Institute History
Description
With this smart, stylish, and utterly original metaphysical thriller, first-time director David Ocañas delivers a gripping tale of a woman whose labyrinthine search for her sister leads to Tijuana and an elusive quest for truth.
Between quickly spirals into a mind-bending puzzle as Nadine encounters ominous, incongruous occurrences south of the border. She faints and lands in a hotel room once occupied by her missing sister. A visit to a grieving woman turns bizarrely theatrical, as if rehearsed. A flyer slipped under Nadine's door leads to a clock graveyard, where the timepieces all read 5:30. Recurring motifs appear—a ceiling crack, a city bus, the number 217—and time seems to be folding back on itself like a tail-eating snake. Tijuana is like a sultry accomplice, tucking away secrets in her streets and passageways. Unhinged, Nadine drifts into a liminal state between waking and dreaming. A mysterious inner logic propels her forward until the disparate signifiers dotting her bewildering path coalesce in an enthralling climax.

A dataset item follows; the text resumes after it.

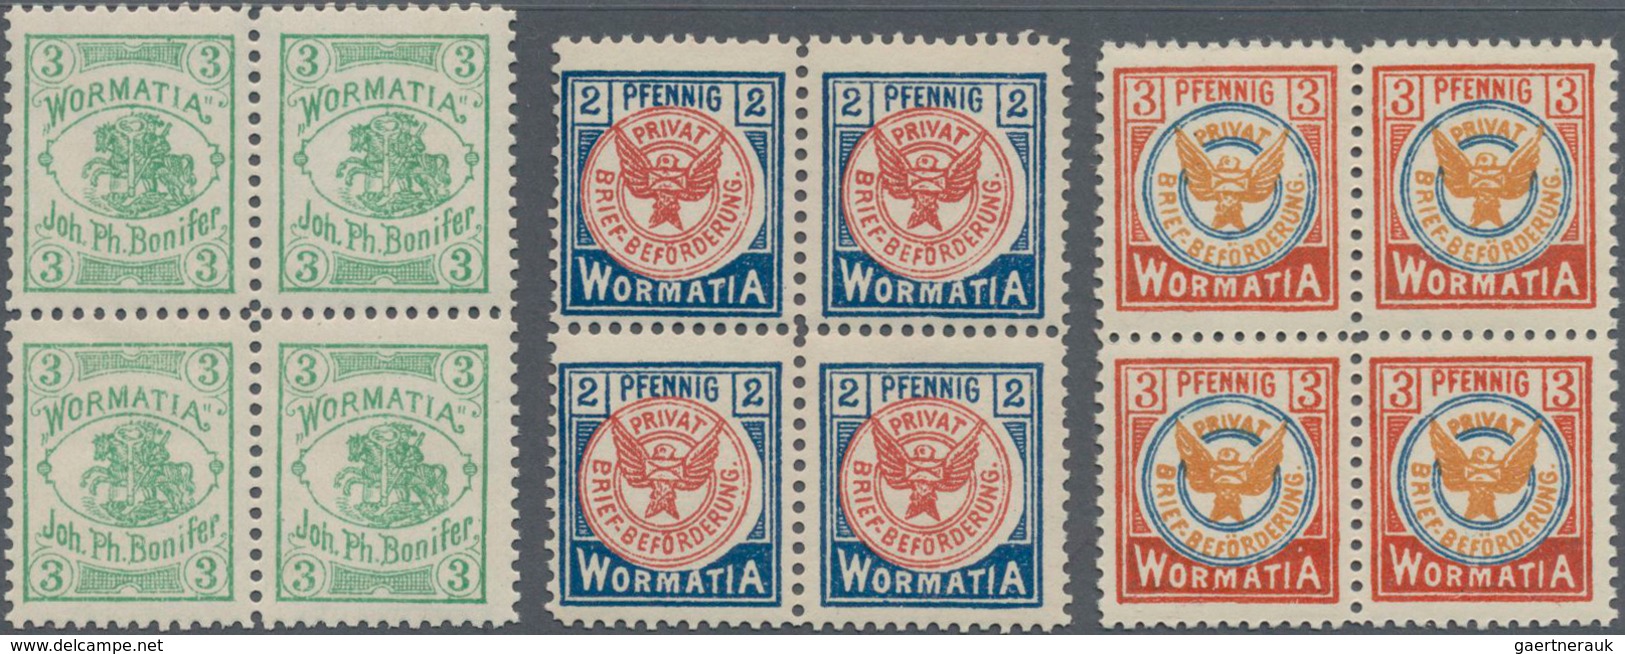 Deutsches Reich - Privatpost (Stadtpost): WORMS, Wormatia, Wappen 3 (Pfg.)im Postfrischen Viererbloc - Posta Privata & Locale

A tightly conceived tour de force in which every detail adds up and language is deftly recruited simultaneously to withhold and disclose information, Between does what the best films of this genre do: it raises potent existential questions about the power of our minds and the nature of love. Marshaling limited resources, the virtuosic Ocañas shows how much can be accomplished with a great idea and an inspired vision.